As I've mentioned in various interviews, I write mostly in binges. I write best when I hole up somewhere, isolate myself completely, what I call going under. I finished Kiss Me, Judas on a two-week writing jag in a borrowed artist's studio in the East Bay that had a coffeemaker, cheap stereo, and toilet. And disturbing paintings on the walls. Penny Dreadful spilled out over the course of several months in a Motel 6, while Hell's Half Acre was written in a rented room in North Beach above a bar. To my mind, the Poe books are primarily about betrayal, guilt, redemption — the ways that people damage and fail each other. But they are also about the shifts that occur in everyday reality. I burrowed deepest into this idea in Penny Dreadful, where the reality morphs constantly, moving from the realm of a shared consciousness in a fantasy role-playing game to an internal deconstruction of Ulysses.

There's a fair amount of Biblical imagery in my books, no doubt because of my Southern upbringing, which accounts for a certain hillbilly goth feel.

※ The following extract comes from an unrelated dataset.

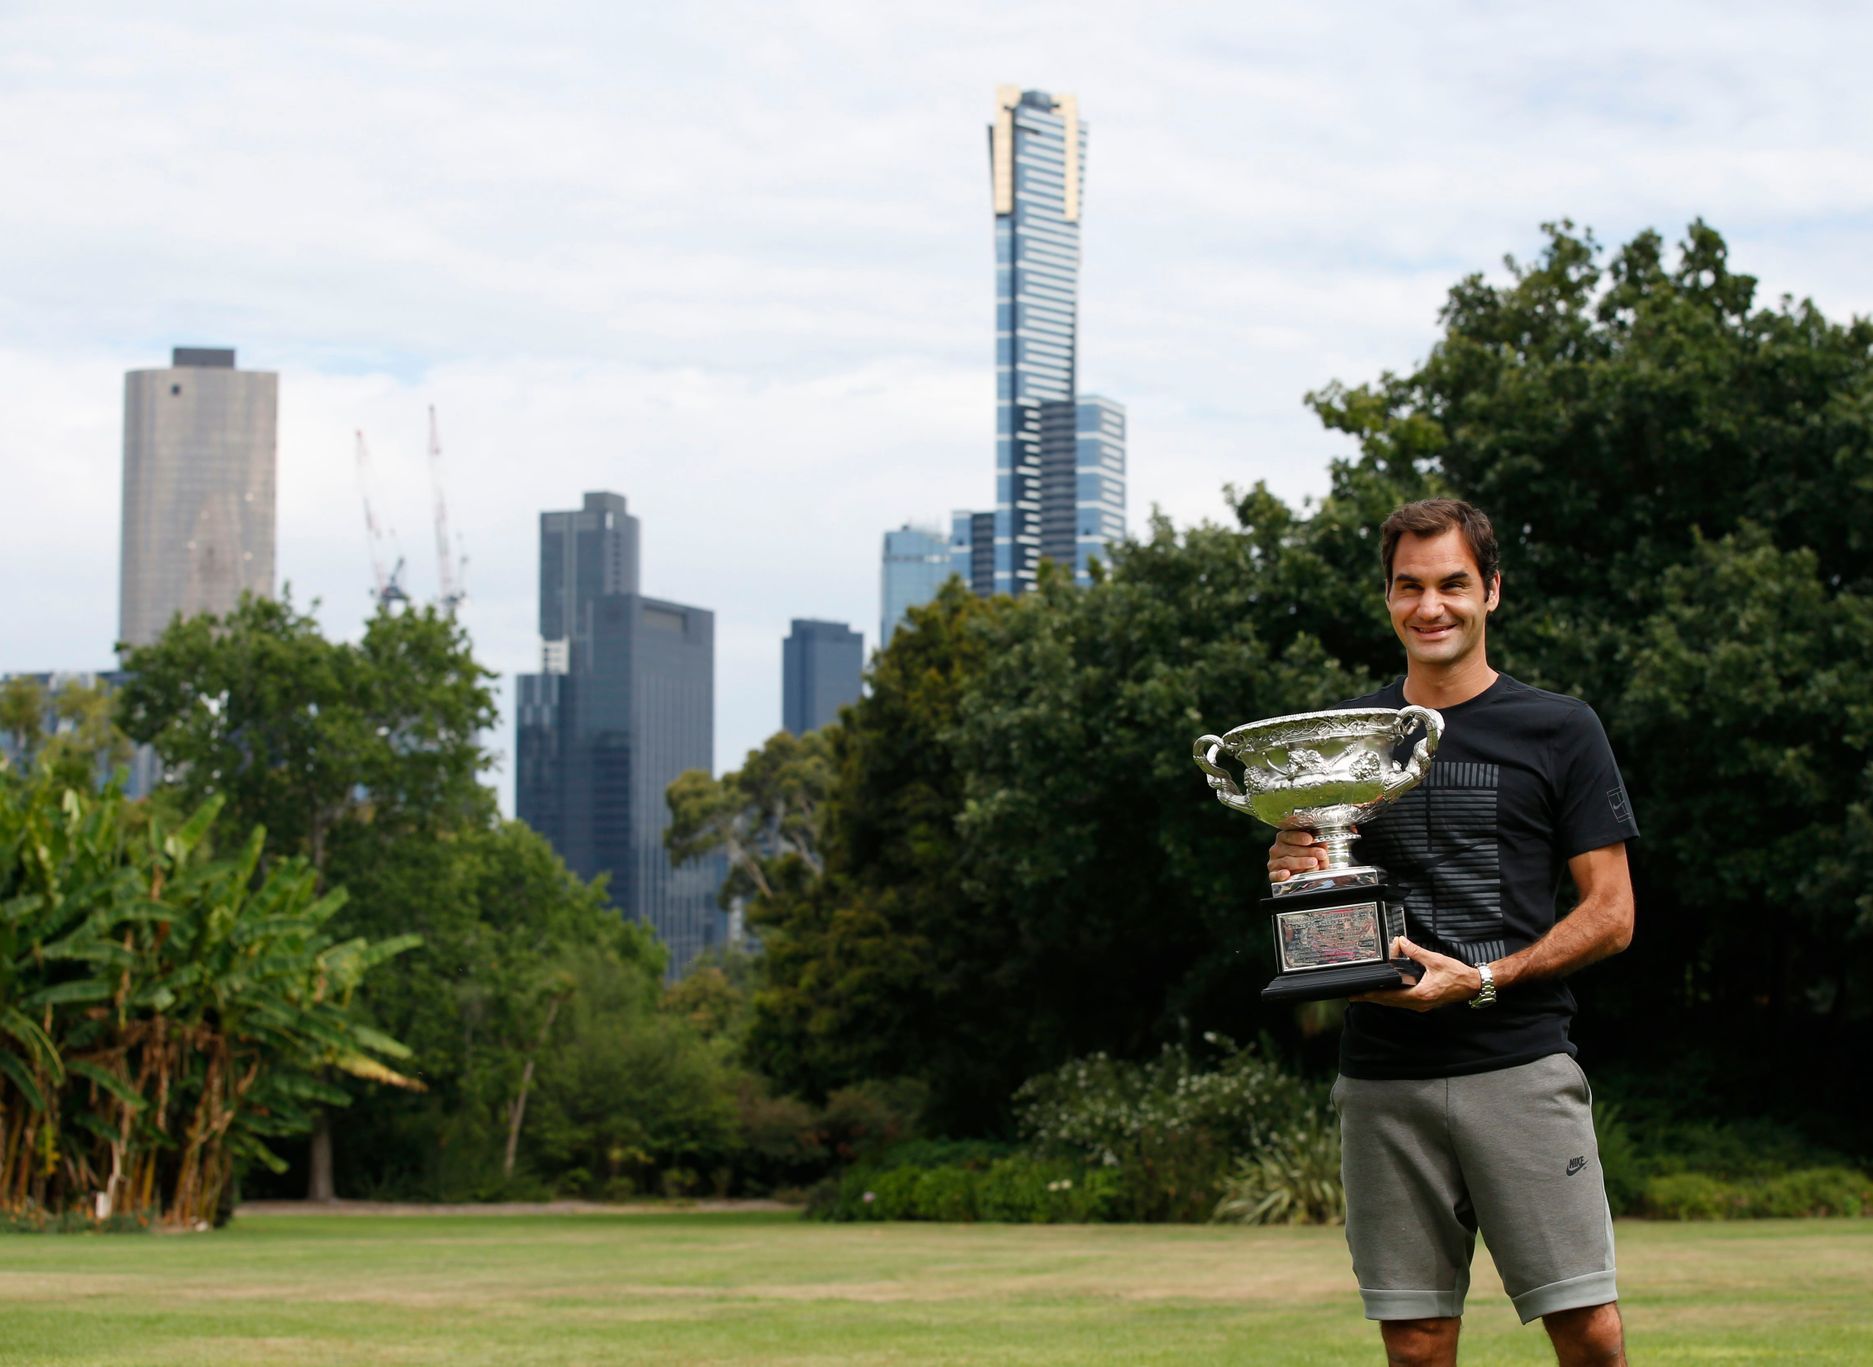 Australian Open 2018: Roger Federer

But my books are also all about love — whenever someone asks what my books are like, the first words out of my mouth are "scary love stories." Everyone comes from a fucked-up family, everyone was damaged by their parents, and everyone is trying to find some kind of love that makes sense — so what else is there to write about? But what most interests me are the ways that people wound each other when they are simply trying to love each other. And when a story is coming to me, I follow my characters. I follow my obsessions, and so the stories that unfold in the Phineas books tend toward crime and violence, mystery and erotica. I just try to get under the skin.